Fragassi v. Neiburger

646 N.E.2d 315, 269 Ill. App. 3d 633, 206 Ill. Dec. 948, 17 OSHC (BNA) 1110, 1995 Ill. App. LEXIS 65
CourtAppellate Court of Illinois
DecidedFebruary 7, 1995
Docket2-93-1426
StatusPublished
Cited by12 cases

This text of 646 N.E.2d 315 (Fragassi v. Neiburger) is published on Counsel Stack Legal Research, covering Appellate Court of Illinois primary law. Counsel Stack provides free access to over 12 million legal documents including statutes, case law, regulations, and constitutions.

Bluebook
Fragassi v. Neiburger, 646 N.E.2d 315, 269 Ill. App. 3d 633, 206 Ill. Dec. 948, 17 OSHC (BNA) 1110, 1995 Ill. App. LEXIS 65 (Ill. Ct. App. 1995).

Opinion

JUSTICE HUTCHINSON

delivered the opinion of the court:

Plaintiff, Teresa Fragassi, appeals the circuit court’s dismissal of her complaint against defendant, Ellis J. Neiburger. Plaintiff alleged that defendant discharged her in retaliation for her complaints about safety procedures in defendant’s dental practice. The circuit court held that plaintiff’s cause of action was preempted by provisions of the Occupational Safety and Health Act (OSHA) (29 U.S.C. § 651 et seq. (1988)). Plaintiff contends that the court erred in finding that Federal law preempts her State-law retaliatory discharge action.

Plaintiff’s complaint alleges that defendant employed her as a dental assistant from March 10, 1978, until terminating her on July 15, 1992. In about January 1990, plaintiff began wearing latex gloves to protect herself and patients from infectious diseases, as required by regulations promulgated pursuant to OSHA. She urged defendant to adopt this practice also and to mandate it for other employees. When defendant refused, insisting that OSHA regulations did not apply to his office, plaintiff suggested having an OSHA representative conduct an inspection.

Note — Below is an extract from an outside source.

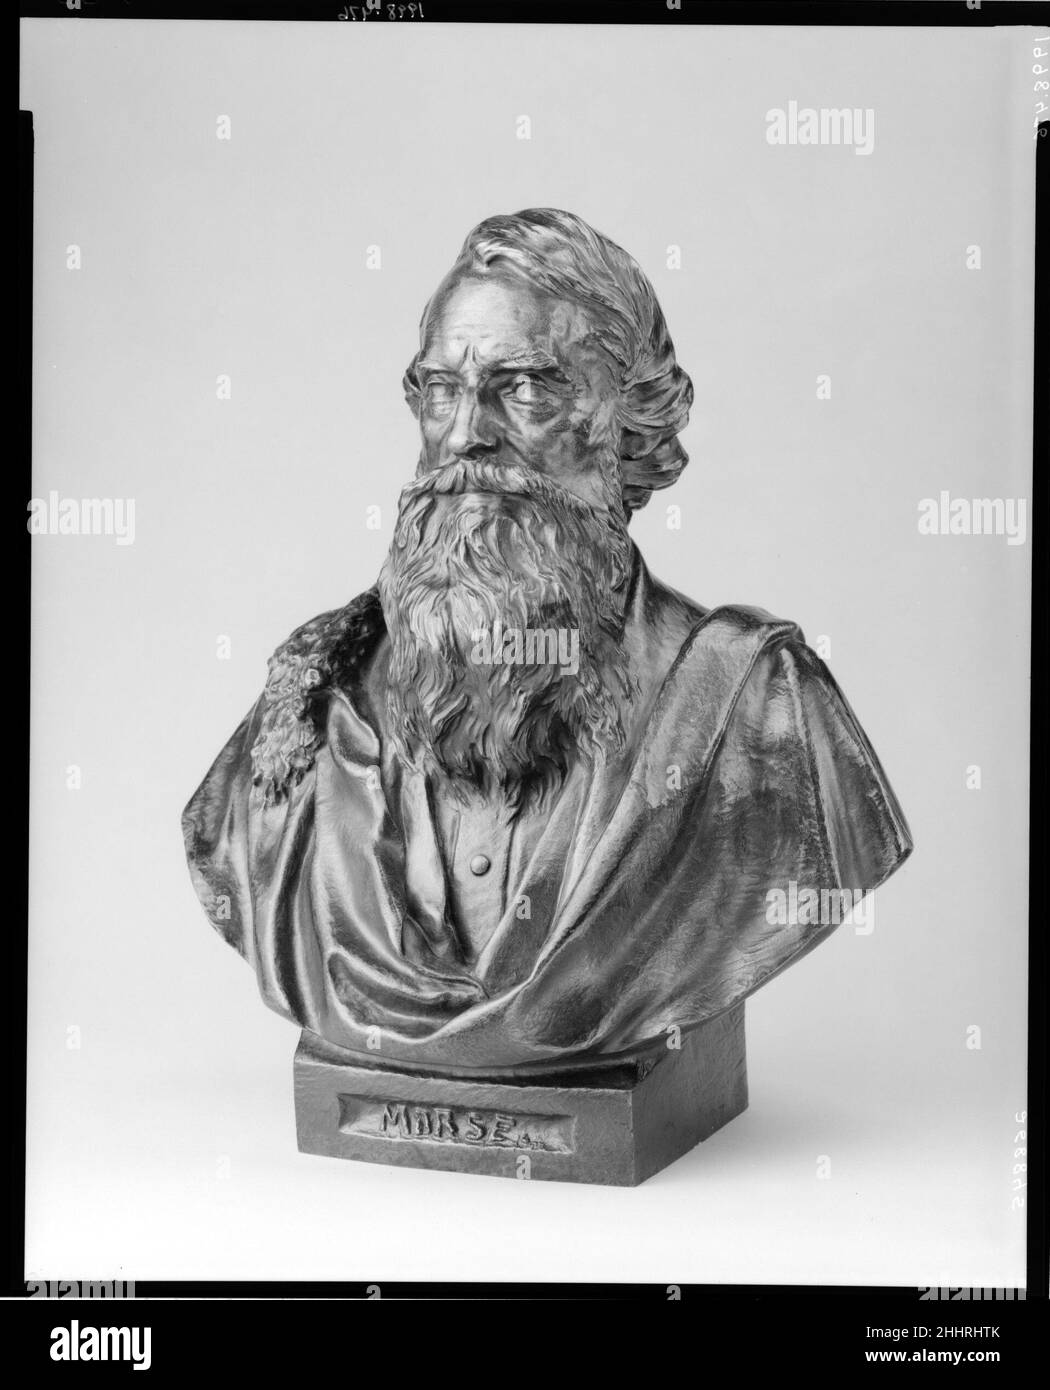 Samuel F. B. Morse ca. 1870 Byron M. Pickett American Pickett's bust-length portrait of Morse is related to his over-lifesize bronze statue of the artist-inventor, dedicated in 1871 in Central Park. The elderly bearded Morse is portrayed in contemporary dress with cloaked shoulders. His drape and unincised pupils are typical neoclassical portrait devices that persisted well into the nineteenth century. This blend of realism and classicism exemplifies the portrait style favored by such other New York-based sculptors as Henry Kirke Brown, John Quincy Adams Ward, William O'Donovan, and Launt Thom Stock Photo

Plaintiff further alleged that defendant discharged her from her employment as a result of the exercise of her rights under OSHA and that, prior to her discharge, she had been an exemplary employee who had received numerous raises, bonuses, and commendations during her employment.

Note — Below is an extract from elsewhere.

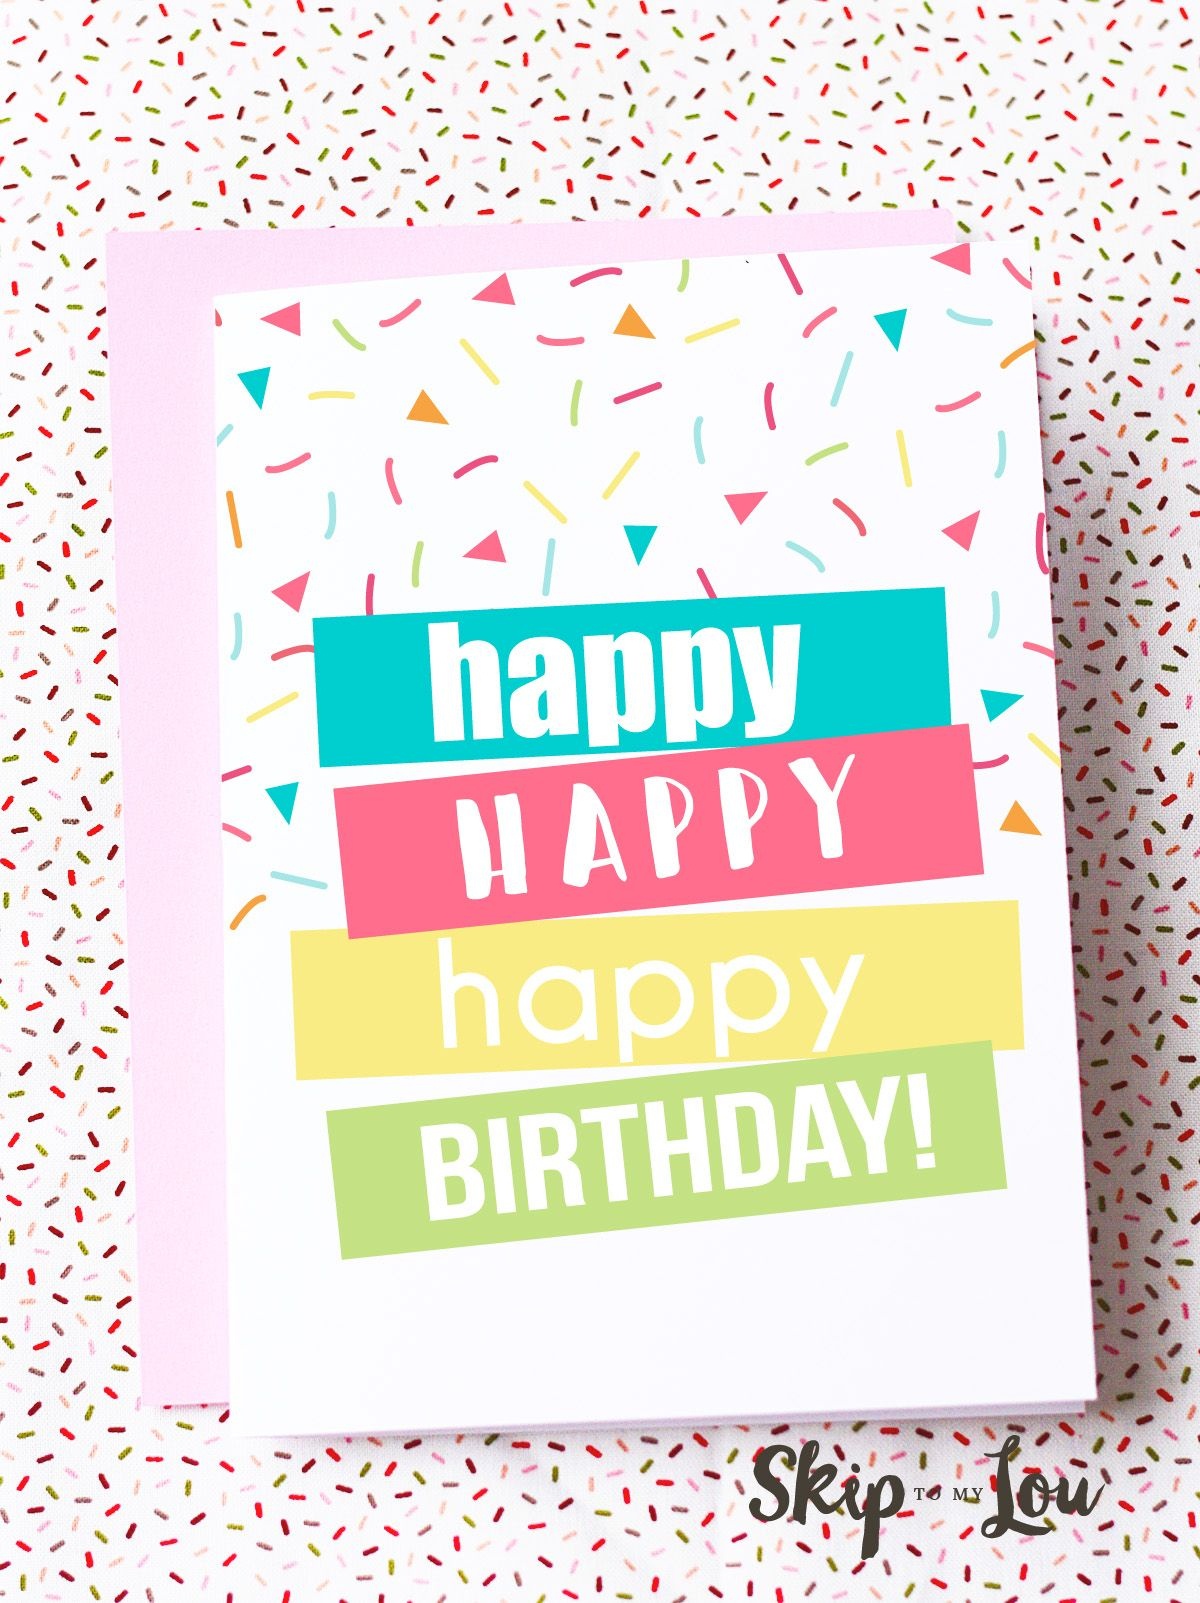 how-to-make-birthday-cards-at-home-homemade-birthday-cards-for-kids-to-create-the-art-of-images

Defendant moved to dismiss the complaint, arguing that plaintiff’s cause of action was preempted by OSHA. In its order of November 24, 1993, the trial court granted the motion. That same order acknowledged that plaintiff had stated a cause of action. Both defendant and the court relied on Gade v. National Solid Wastes Management Association (1992), 505 U.S. 88, 120 L. Ed. 2d 73, 112 S. Ct. 2374, to support the assertion that OSHA preempts a State-law remedy for retaliatory discharge.

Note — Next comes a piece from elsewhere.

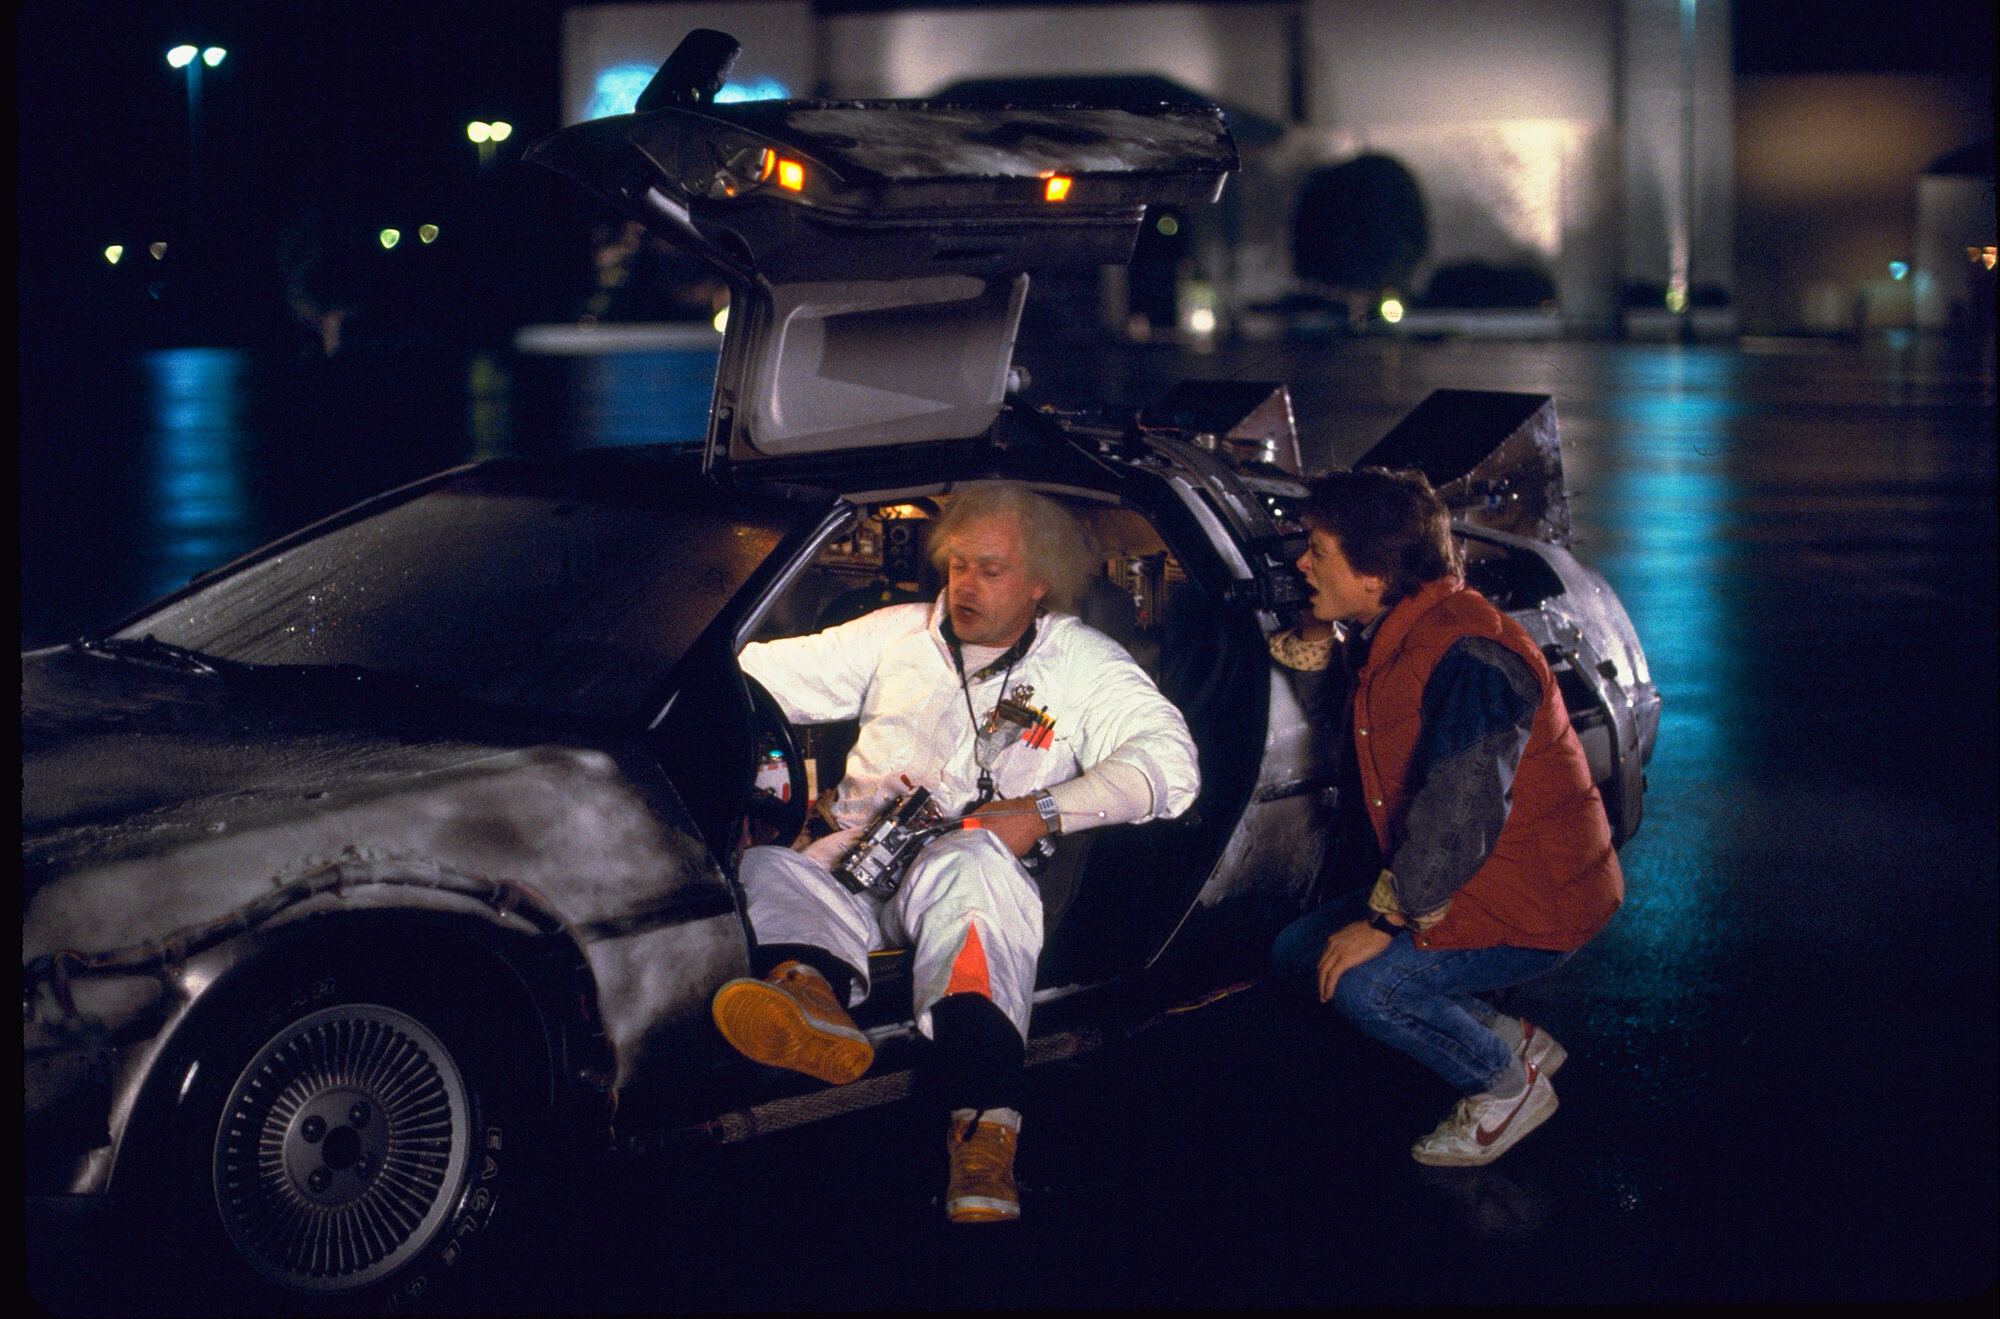 How Back to the Future Made the DeLorean Car Famous

On appeal, plaintiff contends that neither Gade nor the express language of OSHA mandates preemption of the State remedy. In Gade, the Court held that an Illinois licensing scheme for hazardous waste handlers was preempted by OSHA. The Court initially noted the purpose of OSHA is "to assure so far as possible every working man and woman in the Nation safe and healthful working conditions” (29 U.S.C. § 651 (1988)). Congress, however, expressly saved two areas from preemption. Section 4(b)(4) permits "any workmen’s compensation law or *** any other *** common law or statutory rights, duties, or liabilities of employers and employees *** arising out of, or in the course of, employment.” (29 U.S.C. § 653(b)(4) (1988).) Section 18(a) permits State laws covering areas for "which no [Federal] standard is in effect.” 29 U.S.C. § 667(a) (1988).

In addition, the statute provides that a State may entirely occupy the field of occupational health and safety regulation by submitting a comprehensive plan to the Secretary of Labor for approval. (29 U.S.C. § 667(b) (1988).) The Court concluded that any nonapproved State regulation of occupational safety and health issues for which a Federal standard is in effect is preempted.

"The design of the statute persuades us that Congress intended to subject employers and employees to only one set of regulations, be it federal or state, and that the only way a state may regulate an OSHA-regulated occupational safety and health issue is pursuant to an approved state plan that displaces the federal standards.” Gade, 505 U.S. at 99, 120 L. Ed. 2d at 84-85, 112 S. Ct. at 2383.

The Court was careful to point out that OSHA does not preempt every State law which tangentially affects an issue of occupational safety and health. Thus, a State statute is preempted only if it interferes with the "methods by which the federal statute was designed to reach th[at] goal.” (Gade, 505 U.S. at 103, 120 L. Ed. 2d at 87, 112 S. Ct. at 2385.) For an example of a State law which is not preempted, the Court cited English v. General Electric Co. (1990), 496 U.S. 72, 110 L. Ed. 2d 65, 110 S. Ct. 2270.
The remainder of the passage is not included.